Als Mic habe eich ein 8-10€ Laveliermikrofon von eBay verwendet. Sprachqualität ist einwandfrei an einer D1. Zum zocken völlig ausreichend. Für Gesangsaufnahmen, Hobbyrapper oder Let's Players würde ich jedoch etwas anderes empfehlen  Einzig wenn das kabel etwas ungünstig verlegt wird, kann es zu stör Geräuschen kommen.

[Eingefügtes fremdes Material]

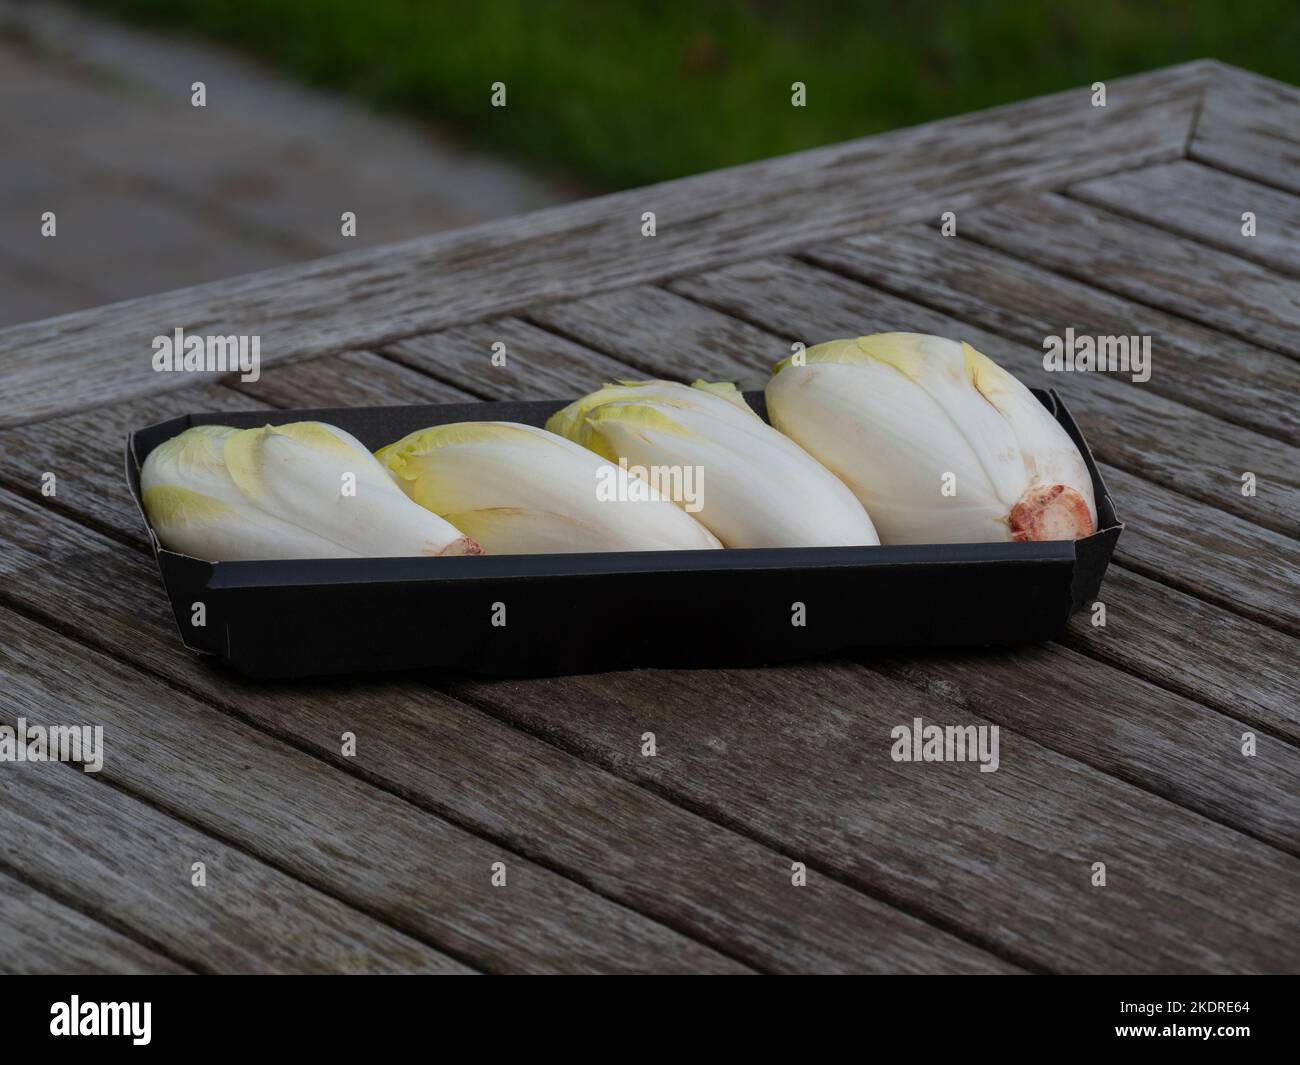 chicory endive on a black dish on a wooden table Stock Photo
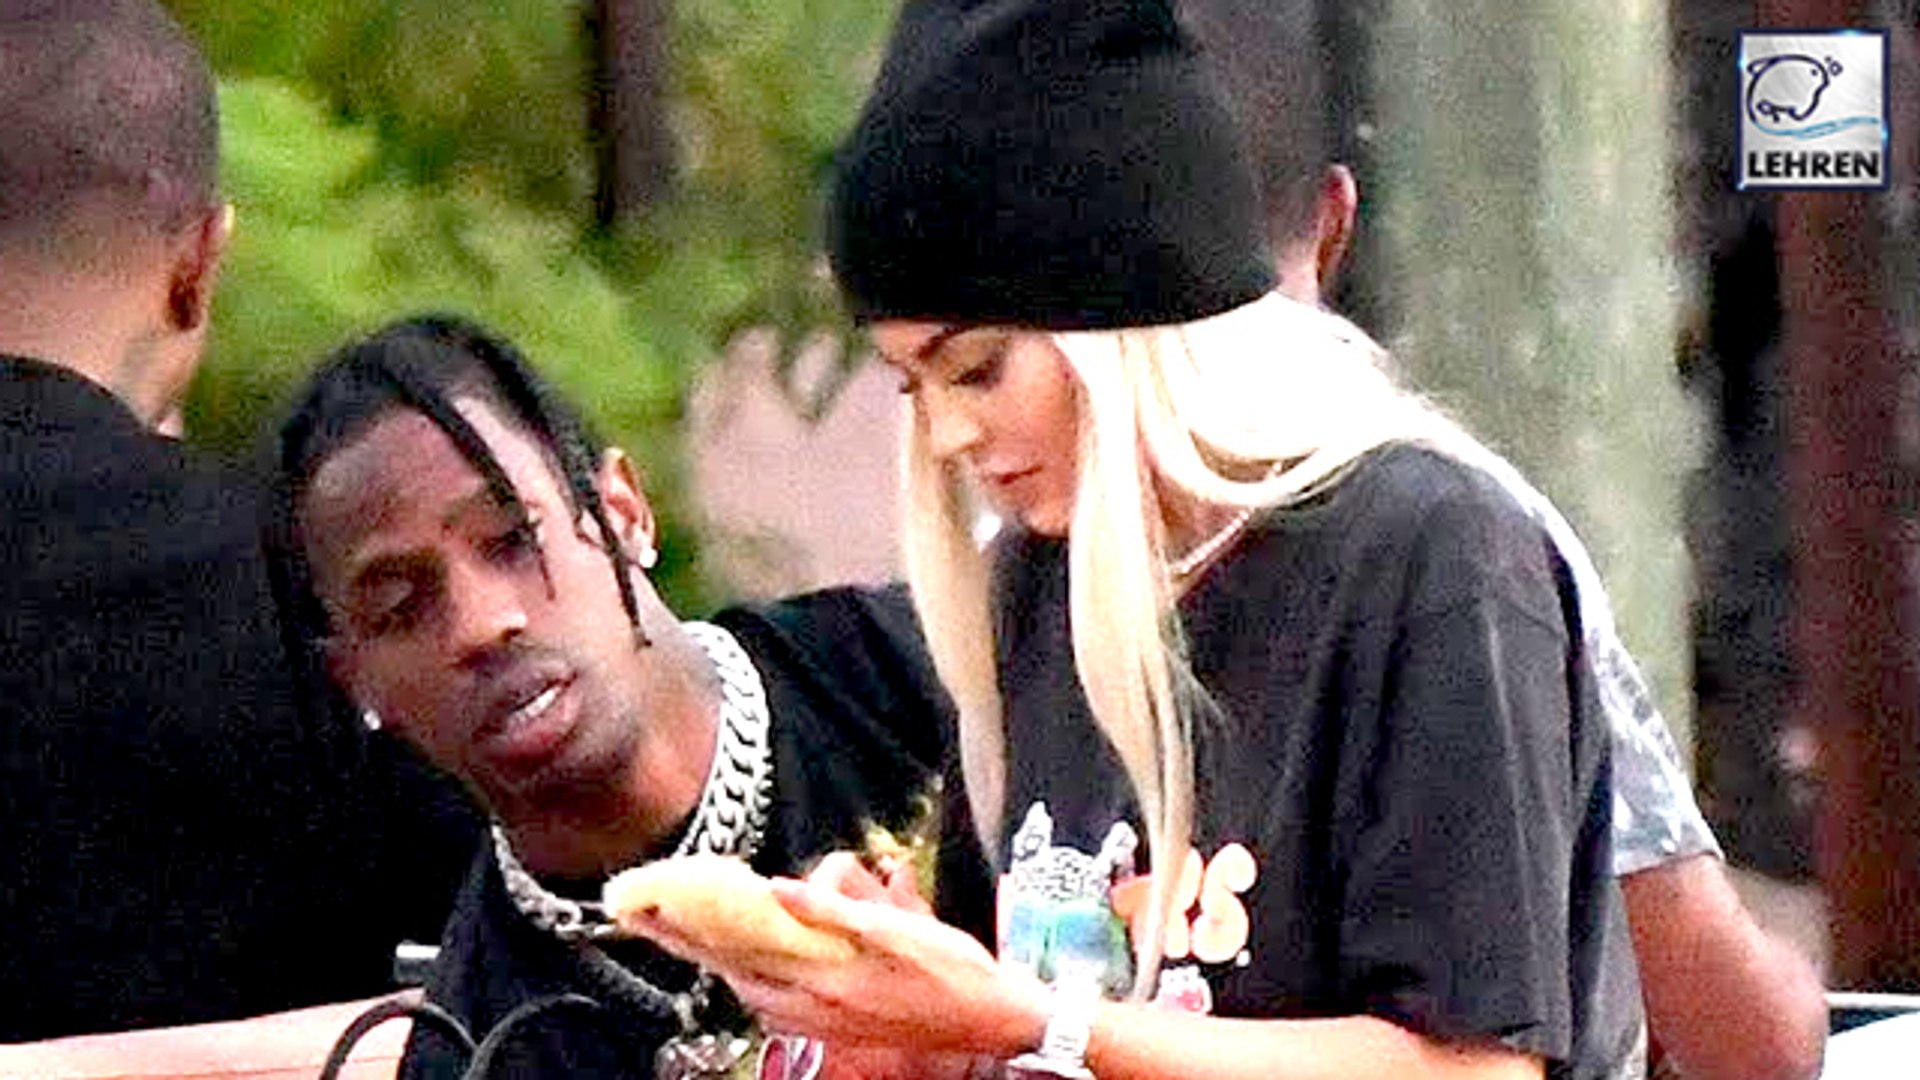 Kylie Jenner & Travis Scott Attend Coachella 2 Years After They Had Their 1st Date There

Sonst null Rauschen.

http://www.ebay.de/sch/i.html?_nkw=krawatten+mikrofon+&_cqr=true&_nkwusc=Kravatten+mikrofon&_rdc=1

Benutze das mit dem dicken silbernen "Knüppel". Die extra Stromversorgung wird nicht benötigt, sprich kann direkt mittels 3,5mm Klinke angeschlossen werden.





			Dieser Inhalt steht nur eingeloggten Mitgliedern zur Verfügung.
        





			Dieser Inhalt steht nur eingeloggten Mitgliedern zur Verfügung.
        





			Dieser Inhalt steht nur eingeloggten Mitgliedern zur Verfügung.
        





			Dieser Inhalt steht nur eingeloggten Mitgliedern zur Verfügung.


----------



## hubiflyer1994 (20. Juli 2011)

*AW: [Review] Superlux HD 681 – 20€-Klangwunder?*

Echt gut geworden. Sollte ich mit meinem K530 auch vllt mal machen.


mfg alex

PS:danke für dieses tolle review


----------



## HAWX (20. Juli 2011)

Danke für das Review Scheint ja ein richtiges P/L-Monster zu sein


----------



## LordMeuchelmord (20. Juli 2011)

*AW: [Review] Superlux HD 681 – 20€-Klangwunder?*

Nach dem vielen guten was ich bisher gelesen habe, werde ich ihn wohl auch mal ausprobieren.

Schönes Review


----------



## sipsap (20. Juli 2011)

*AW: [Review] Superlux HD 681 – 20€-Klangwunder?*

danke! für 20€ kann man wie gesagt ja eig nichts falsch machen


----------



## MasterFreak (20. Juli 2011)

*AW: [Review] Superlux HD 681 – 20€-Klangwunder?*

Edit: Gutes Review, leider sind die Kopfhörer aber etwas gebrechlich !!! ^^


----------



## turbosnake (20. Juli 2011)

*AW: [Review] Superlux HD 681 – 20€-Klangwunder?*

z.b Ohne Bergründung einfach schreiben das du ihn dir nicht holst.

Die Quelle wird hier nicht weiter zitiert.